When passing parameters to a function, programming language design offers two options which are not mutually exclusive (both strategies can be implemented in the language):

  • applicative (also called strict) evaluation strategy:
    • parameters are always evaluated first
    • can be further refined into: call-by-value (e.g. as it happens in C) and call-by-reference (e.g. as it happens for objects in Java).
  • normal evaluation strategy (also called non-strict, and when implemented as part of the PL - call-by-name)
    • the function is always evaluated first
    • can be further refined into: lazy, which ensures that each expression is evaluated at most once

For more details, see the lecture on lazy evaluation.
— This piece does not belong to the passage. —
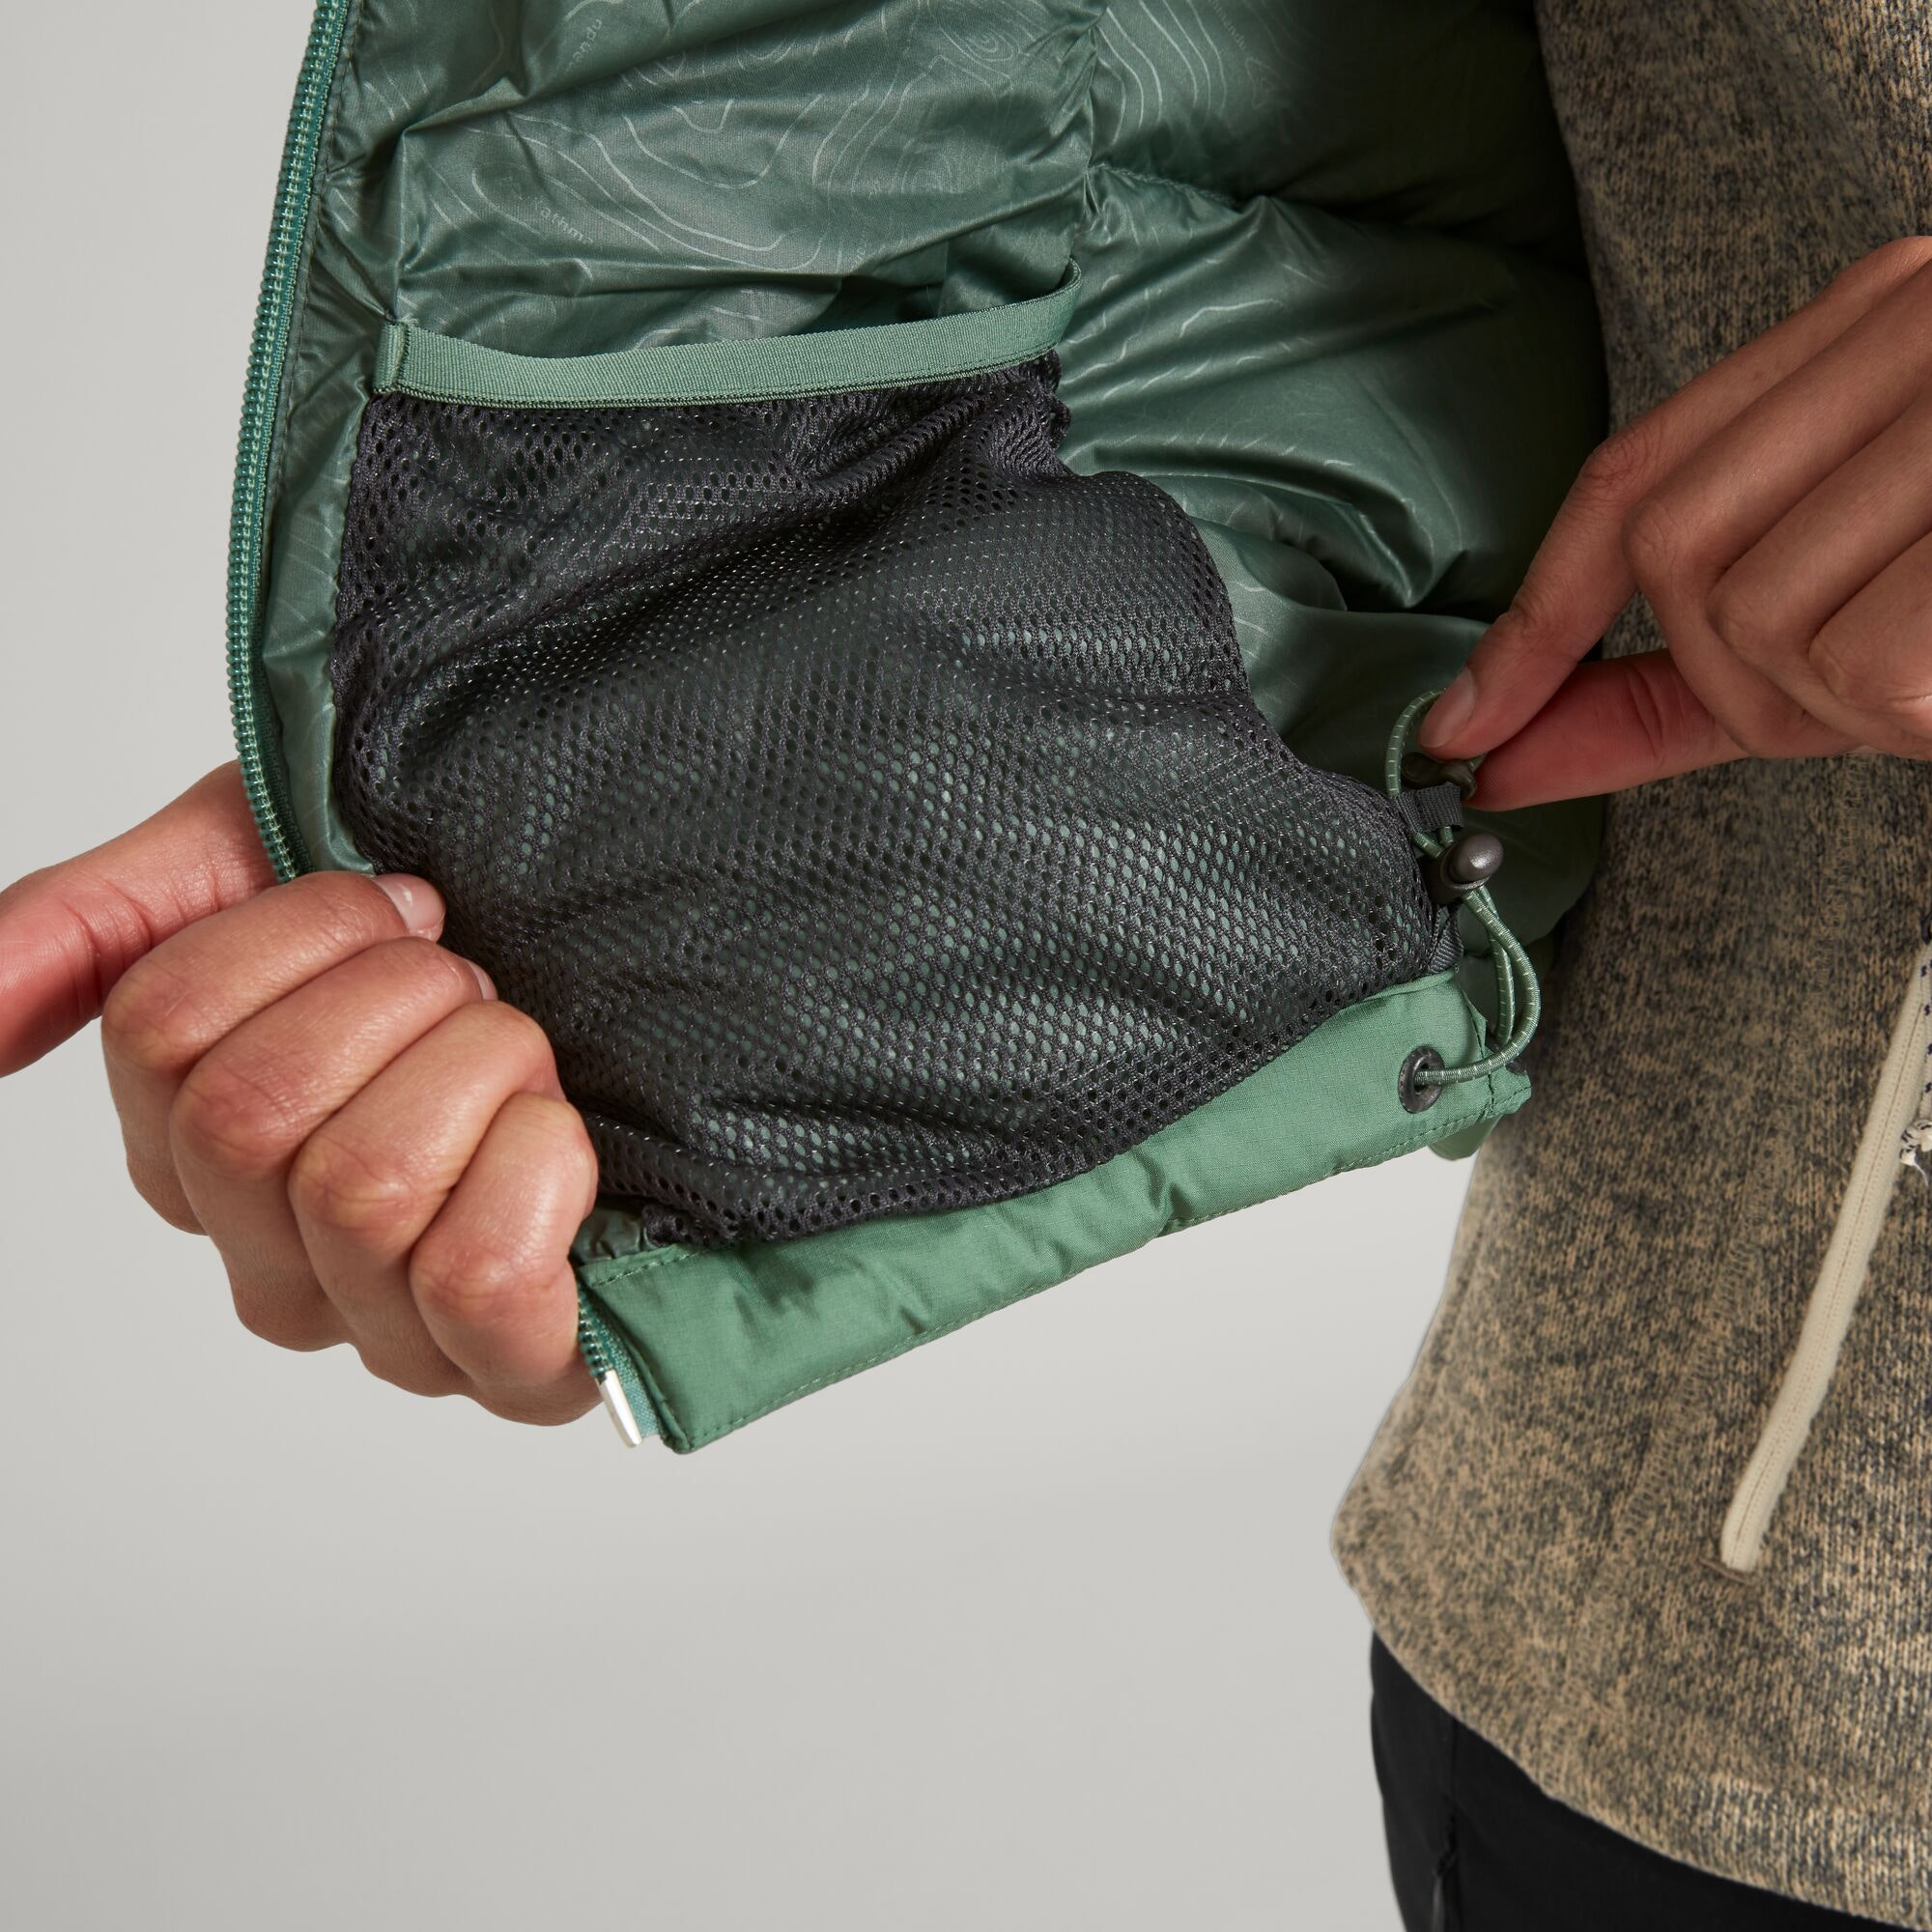 thumbnail 44 - NEW Kathmandu Epiq Womens Hooded Down Puffer 600 Fill Warm Outdoor Winter Jacket

In Haskell, the default evaluation strategy is lazy.
However, there are ways in which we can force evaluation to be strict. In this lab, we will explore several programming constructs which benefit from lazy evaluation.

8.1.1. Describe the evaluation strategy of the following expressions:

foldr ((||).(==1)) False [2,1,3,4,5,6,7]
foldl (flip ((||).(==1))) False [2,1,3,4,5,6,7]

For this lab, streams are synonymous with infinite lists.
If you want to see their content, use the take function (:t take).

8.2.1. Define the stream of natural numbers.

nats :: [Integer]

8.2.2. Using the stream of natural numbers, define the stream of odd numbers and perfect squares. Hint: use higher order functions for a quick solution.

-- 1, 3, 5, 7, ...
odds :: [Integer]
-- 0, 1, 4, 9, ...
squares :: [Integer]

8.2.3. Define the stream of Fibonacci numbers. Hint: :t zipWith.

fibs :: [Integer]

8.3.1. Define the build function which takes a generator g and an initial value a0 and generates the stream: [a0, g a0, g (g a0), g (g (g a0)), ... ].

{-
    having this function, you should
    easily be able to define the natural numbers
    with something like: build (+1) 0
-}
 
build :: (Double -> Double) -> Double -> [Double]

8.3.2. Using the build function, define the following streams:

-- 0, 1, 0, 1, 0, 1, 0, ...
alternatingBinary :: [Double]
 
-- 0, -1, 2, -3, 4, -5, ...
alternatingCons :: [Double]
 
-- -1, 2, -4, 8, -16, ...
alternatingPowers :: [Double]

8.3.3. Define the select function which takes a tolerance e and a stream s and returns the nth element of the stream which satisfies the following condition: $ \lvert s_n - s_{n+1} \rvert < e$ .

select :: Double -> [Double] -> Double

Mathematical Constants

8.3.4.

Knowing that $ \displaystyle \lim_{n \rightarrow \infty} \frac{F_{n+1}}{F_n} = \varphi$ , where $ F_n$ is the nth element of the Fibonacci sequence, write an
approximation with tolerance e=0.00001 of the Golden Ration ($ \varphi$ ). Use the previously defined fibs stream and the select function.

phiApprox :: Double

8.3.5.

Consider the sequence:

$ a_{n+1} = a_n + sin(a_n)$ ; where $ a_0$ is an initial approximation, randomly chosen (but not 0 because $ a_{n+1} != a_n$ ).

Knowing that $ \displaystyle \lim_{n \rightarrow \infty} a_n = \pi$ , write an approximation with tolerance e=0.00001 of $ \pi$ . Make sure to use build and select.

piApprox :: Double

Square Root

8.3.6.

Given a number k, we want to create a function which calculates the
square root of k. This is another place where laziness and streams come into play.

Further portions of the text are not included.